**EXERCISE AIM**
In the entries below, which lines run from the one with "Figure FO-5. Local" through the one with "Beyerdynamic DT-880 Pro"? Repeat exactly those, both included, and no pictures.

**SOURCE MATERIAL**
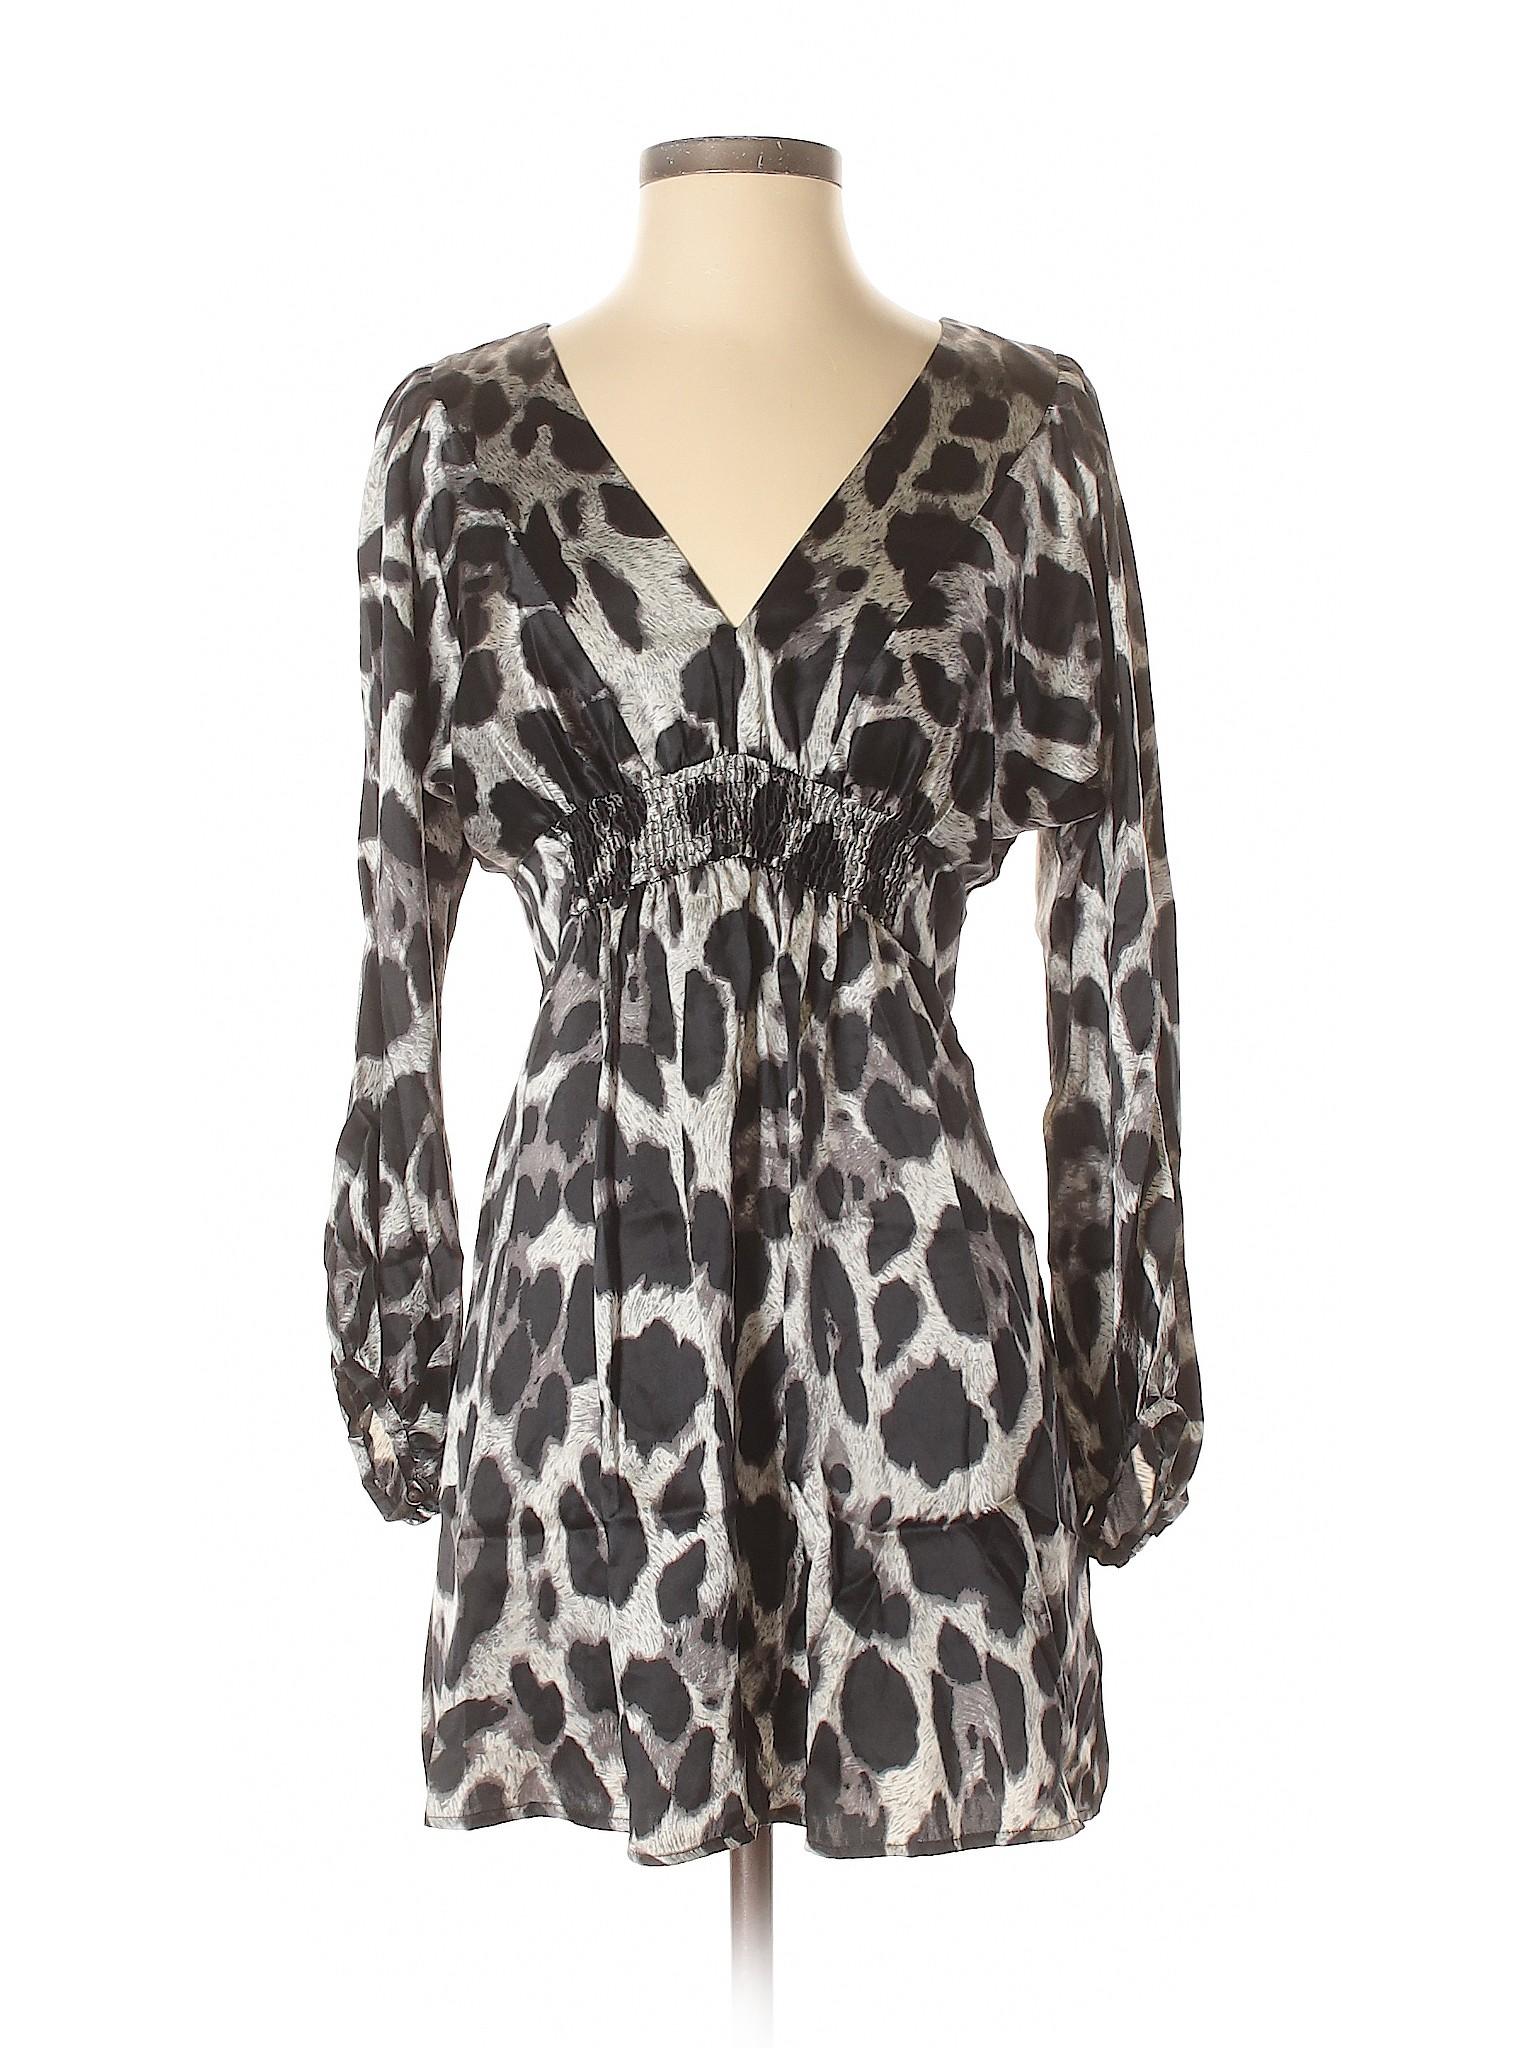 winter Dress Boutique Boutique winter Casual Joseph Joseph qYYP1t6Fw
...
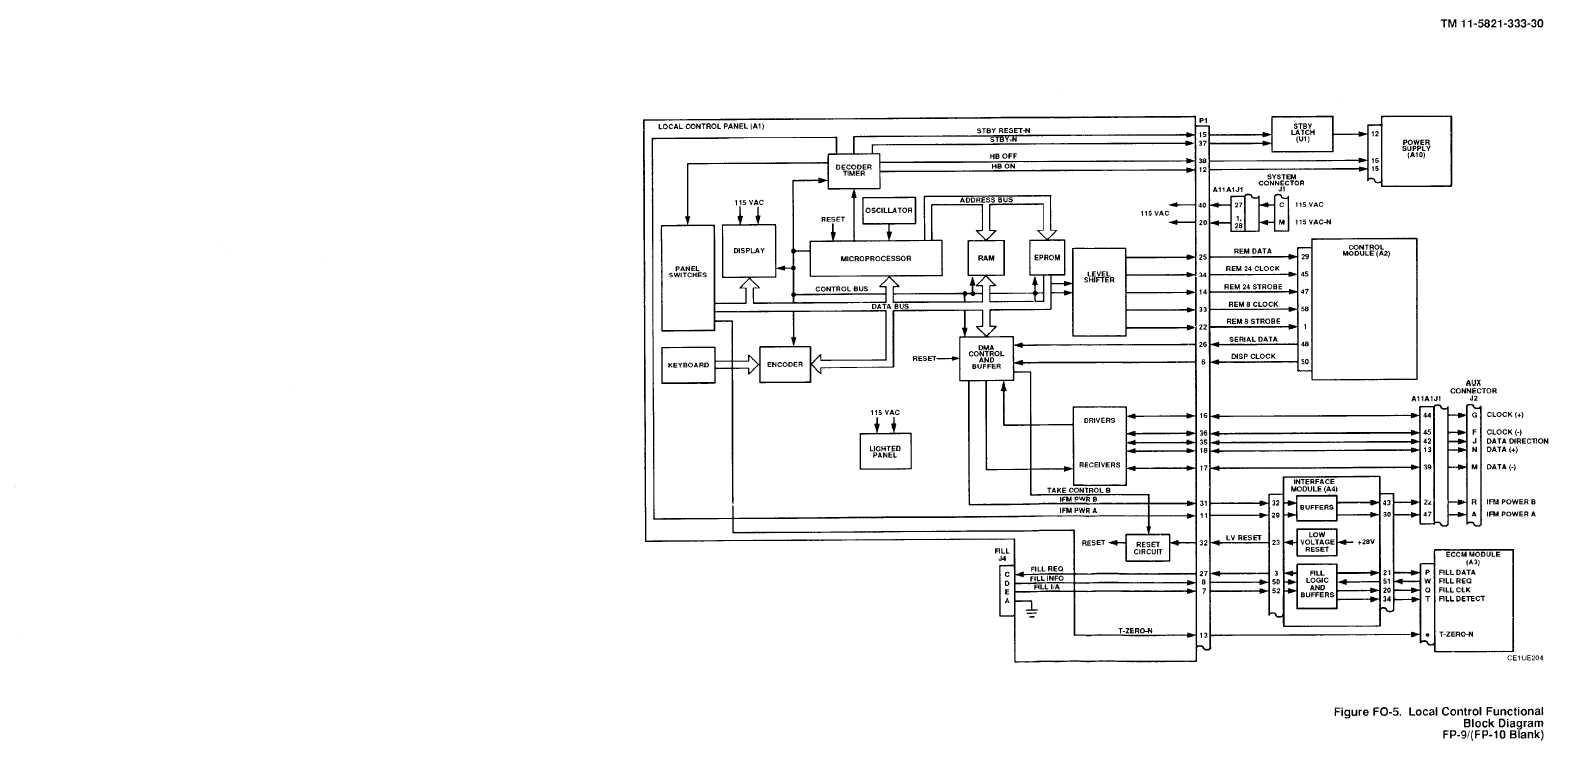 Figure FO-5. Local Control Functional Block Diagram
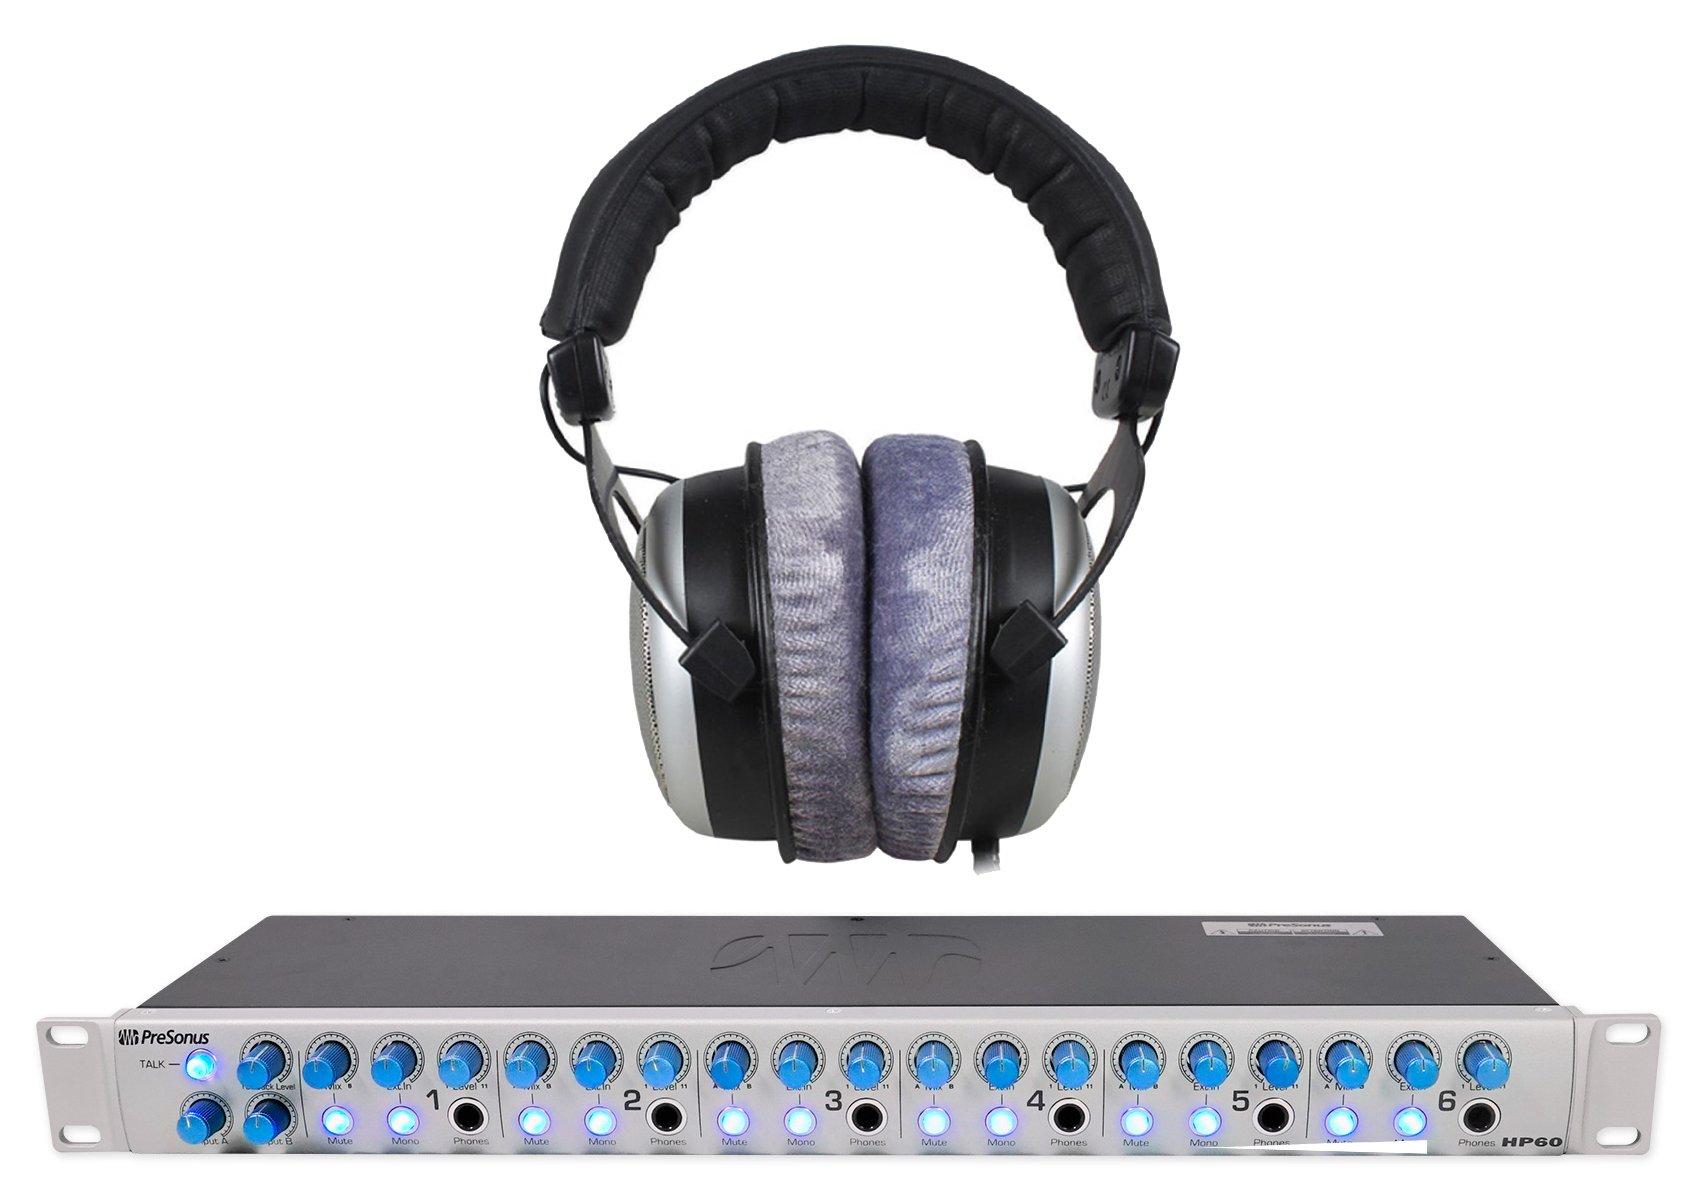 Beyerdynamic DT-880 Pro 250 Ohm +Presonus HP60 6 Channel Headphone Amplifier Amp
---
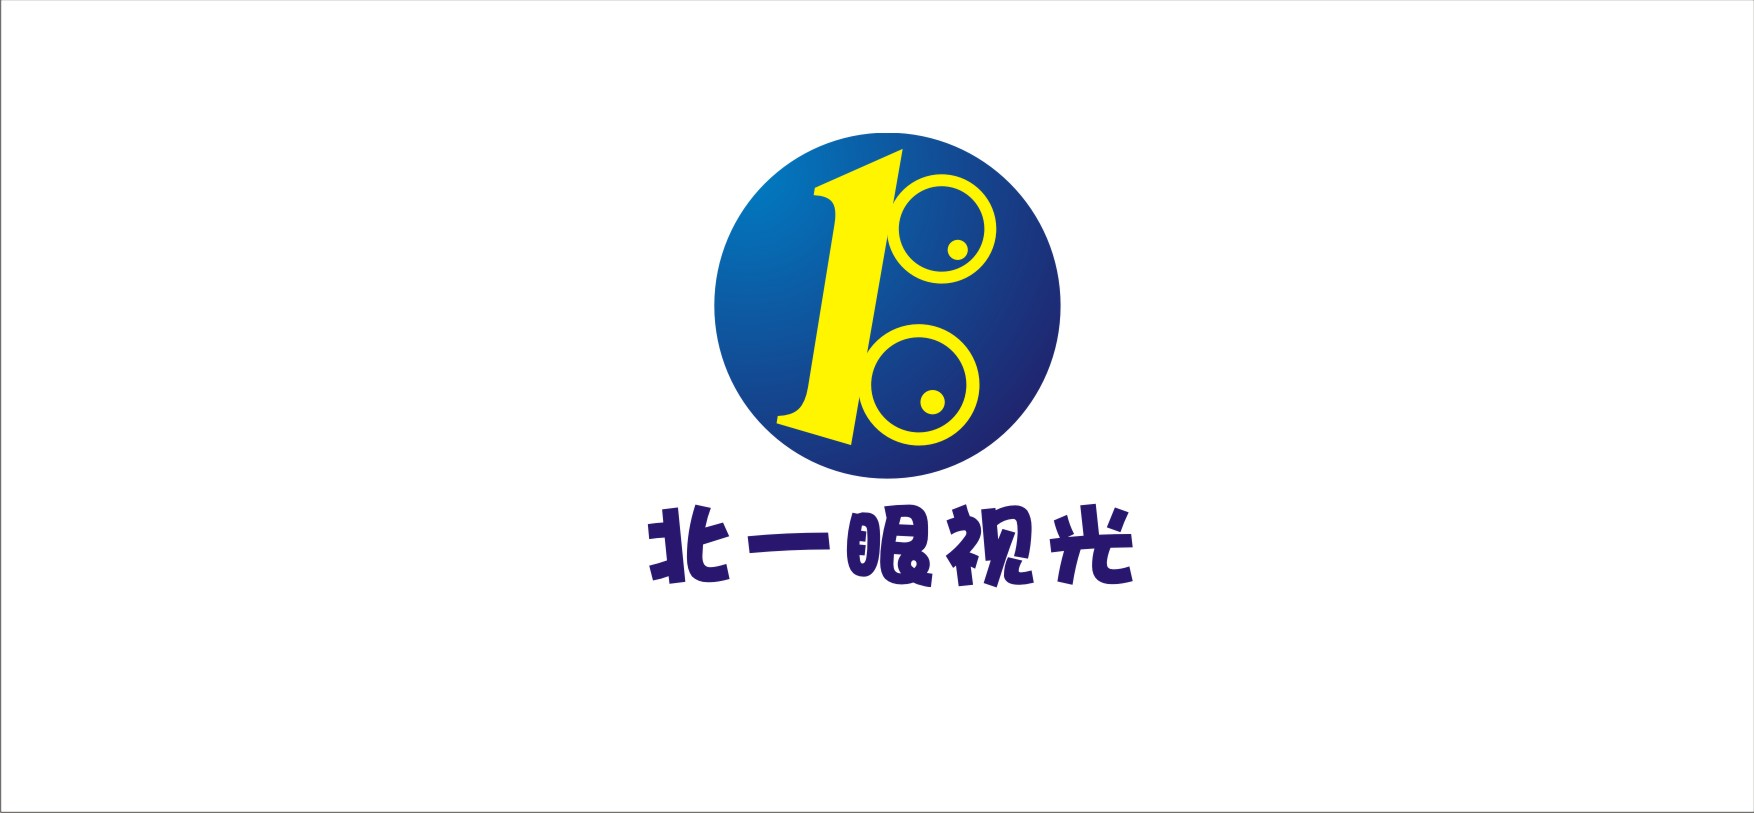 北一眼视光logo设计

**ANSWER SECTION**
 Figure FO-5. Local Control Functional Block Diagram
 Beyerdynamic DT-880 Pro 250 Ohm +Presonus HP60 6 Channel Headphone Amplifier Amp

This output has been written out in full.